For this purpose a local lymph node assay was performed using test item concentrations of 10, 25, and 50% (w/w). The highest concentration tested was the highest concentration that could be achieved whilst avoiding systemic toxicity and excessive local skin irritation as confirmed by a pre-experiment.
The animals did not show any signs of systemic toxicity or local skin irritation during the course of the study and no cases of mortality were observed. Neither for the vehicle treated animals nor for the test item treated groups, a relevant increase in ear thickness values was observed over the course of the study.
In this study Stimulation Indices (S.I.) of 1.1, 1.7, and 2.1 were determined with the test item at concentrations of 10, 25, and 50% (w/w) in DMF, respectively. The EC3 value could not be calculated, since all S.I.´s are below the threshold value of 3.

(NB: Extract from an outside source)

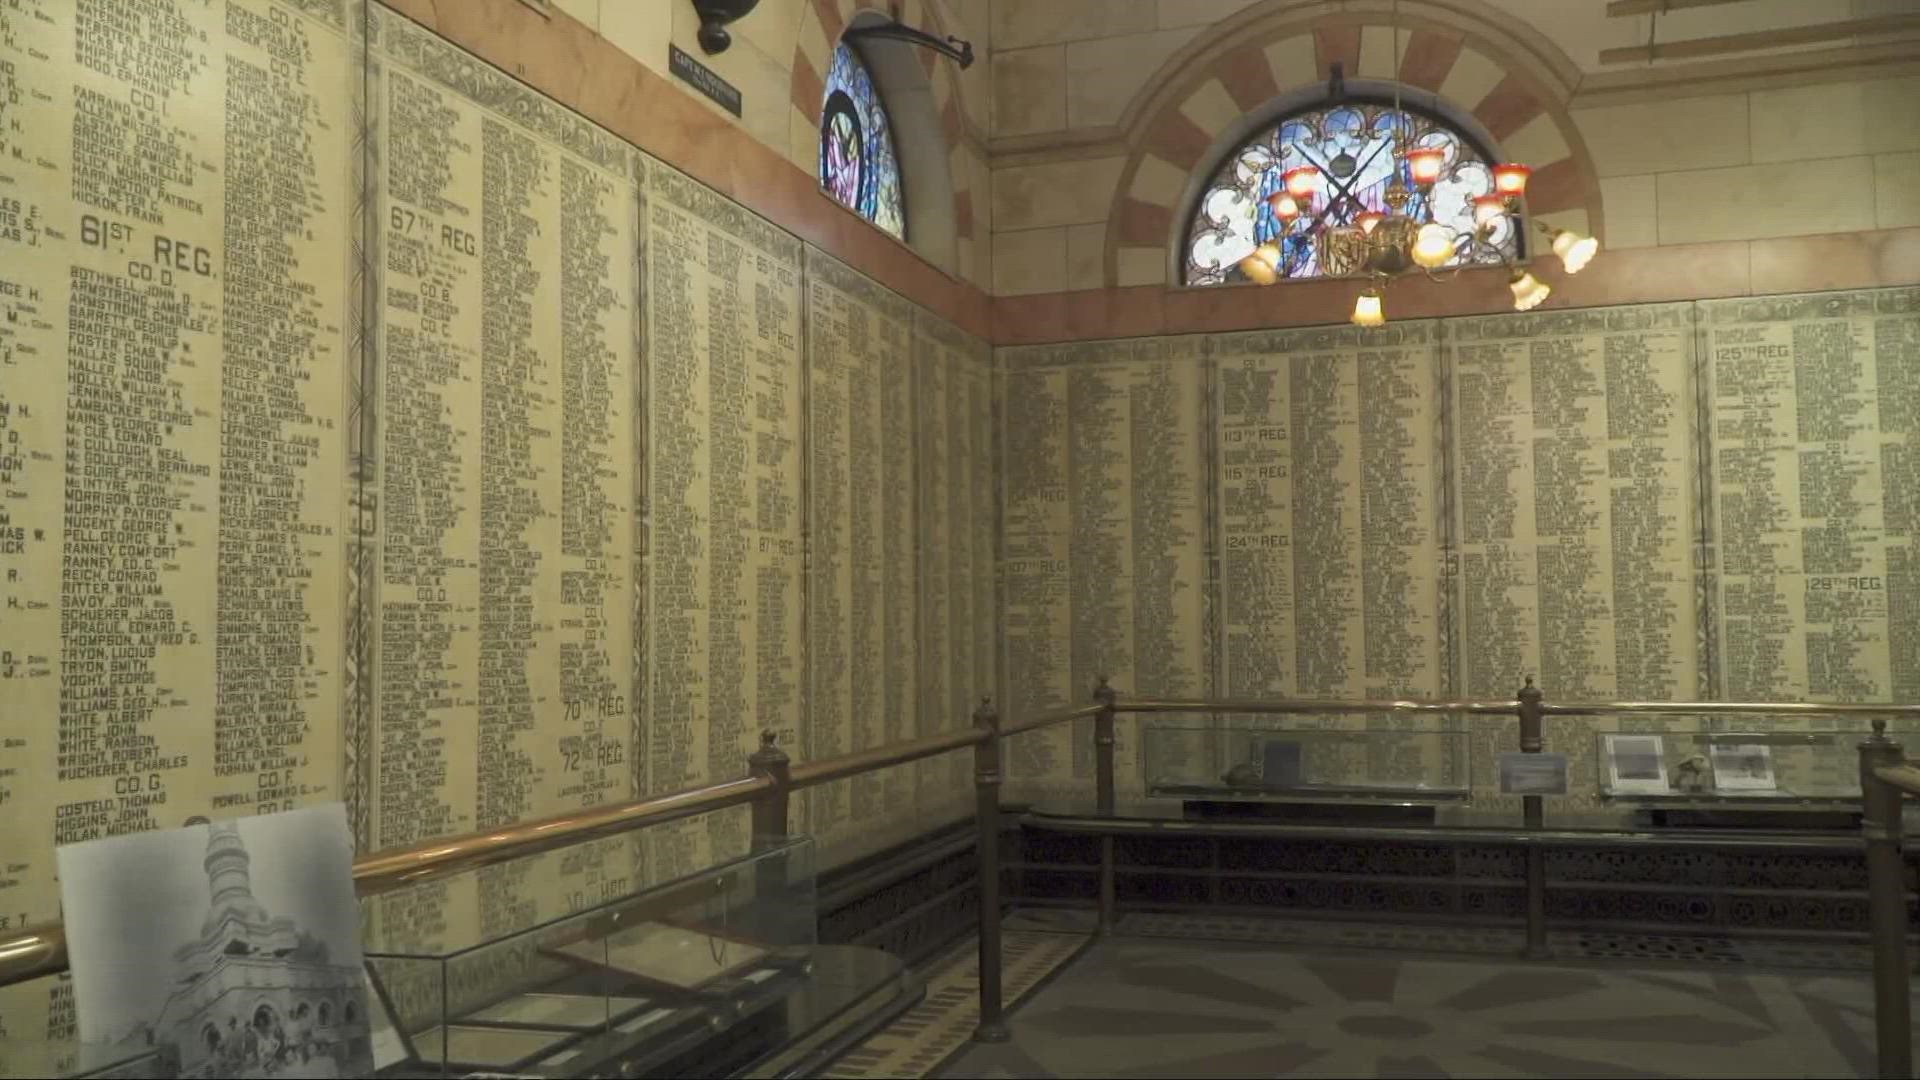 Standing in the heart of Public Square in Cleveland, some visitors may not know that inside the monument, they can find a memorial room, serving as a museum.

The test item was not a skin sensitiser under the test conditions of this study.

Endpoint:
skin sensitisation: in vitro
Data waiving:
study scientifically not necessary / other information available
Justification for data waiving:
an in vitro skin sensitisation study does not need to be conducted because the available in vitro test methods are not applicable for the substance and therefore an in vivo skin sensitisation study was conducted
Endpoint conclusion
Endpoint conclusion:
no adverse effect observed (not sensitising)
Additional information:

Skin sensitisation

To determine the potential for skin sensitisation of the test material, an in vivo LLNA Assay according to OECD Guideline 429 under GLP was conducted.

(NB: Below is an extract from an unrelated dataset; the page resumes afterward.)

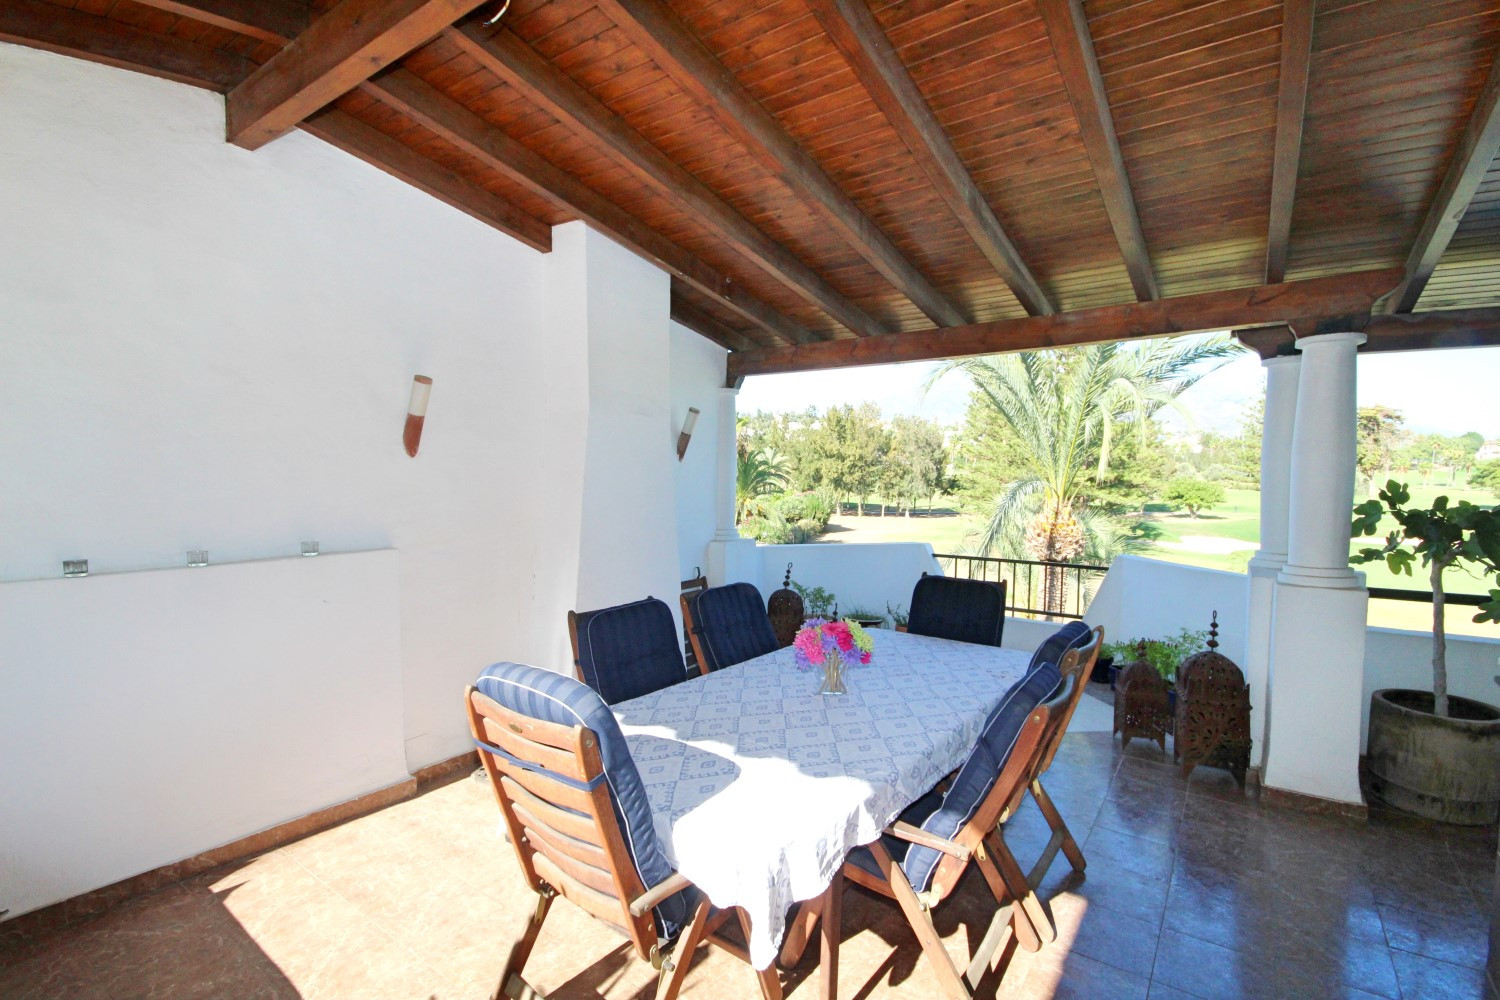 Townhouse for sale in Marbella - Nueva Andalucía 8

In this study Stimulation Indices (S.I.) of 1.1, 1.7, and 2.1 were determined with the test item at concentrations of 10, 25, and 50% (w/w) in DMF, respectively. The EC3 value could not be calculated, since all S.I.´s are below the threshold value of 3.
The test item was not a skin sensitiser under the test conditions of this study.

Respiratory sensitisation

Endpoint conclusion
Endpoint conclusion:
no study available

Justification for classification or non-classification

Based on the data provided, which are considered to be suitable an reliable, the test item is not classified for skin sensitization according to Regulation (EC) No 1272/2008.